== Records provided ==

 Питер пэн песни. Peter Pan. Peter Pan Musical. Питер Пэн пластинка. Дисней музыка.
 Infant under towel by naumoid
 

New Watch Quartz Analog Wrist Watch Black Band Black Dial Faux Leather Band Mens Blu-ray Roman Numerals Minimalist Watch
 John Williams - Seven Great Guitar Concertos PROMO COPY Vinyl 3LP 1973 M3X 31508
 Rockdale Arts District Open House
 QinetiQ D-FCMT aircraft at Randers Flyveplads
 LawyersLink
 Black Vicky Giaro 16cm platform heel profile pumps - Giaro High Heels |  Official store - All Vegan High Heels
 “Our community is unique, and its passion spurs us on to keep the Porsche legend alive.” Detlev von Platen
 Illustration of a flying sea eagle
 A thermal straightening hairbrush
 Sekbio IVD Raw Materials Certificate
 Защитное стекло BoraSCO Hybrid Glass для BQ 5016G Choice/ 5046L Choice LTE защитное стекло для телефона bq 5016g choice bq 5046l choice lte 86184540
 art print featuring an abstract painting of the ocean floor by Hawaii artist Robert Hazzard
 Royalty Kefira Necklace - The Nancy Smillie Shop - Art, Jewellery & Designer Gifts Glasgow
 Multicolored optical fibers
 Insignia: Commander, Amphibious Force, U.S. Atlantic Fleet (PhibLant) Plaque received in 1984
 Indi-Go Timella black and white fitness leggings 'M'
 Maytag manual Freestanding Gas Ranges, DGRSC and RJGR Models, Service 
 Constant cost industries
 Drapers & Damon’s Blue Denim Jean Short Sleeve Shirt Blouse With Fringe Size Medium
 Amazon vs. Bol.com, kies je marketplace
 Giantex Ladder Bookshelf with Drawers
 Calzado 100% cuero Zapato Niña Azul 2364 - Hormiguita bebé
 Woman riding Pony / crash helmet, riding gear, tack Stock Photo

===

:: Task description ::
Each line from the top of the records down to the one with "Sekbio IVD Raw Materials Certificate" must be retyped exactly; include both ends and nothing else.

:: Response area ::
 Питер пэн песни. Peter Pan. Peter Pan Musical. Питер Пэн пластинка. Дисней музыка.
 Infant under towel by naumoid
 

New Watch Quartz Analog Wrist Watch Black Band Black Dial Faux Leather Band Mens Blu-ray Roman Numerals Minimalist Watch
 John Williams - Seven Great Guitar Concertos PROMO COPY Vinyl 3LP 1973 M3X 31508
 Rockdale Arts District Open House
 QinetiQ D-FCMT aircraft at Randers Flyveplads
 LawyersLink
 Black Vicky Giaro 16cm platform heel profile pumps - Giaro High Heels |  Official store - All Vegan High Heels
 “Our community is unique, and its passion spurs us on to keep the Porsche legend alive.” Detlev von Platen
 Illustration of a flying sea eagle
 A thermal straightening hairbrush
 Sekbio IVD Raw Materials Certificate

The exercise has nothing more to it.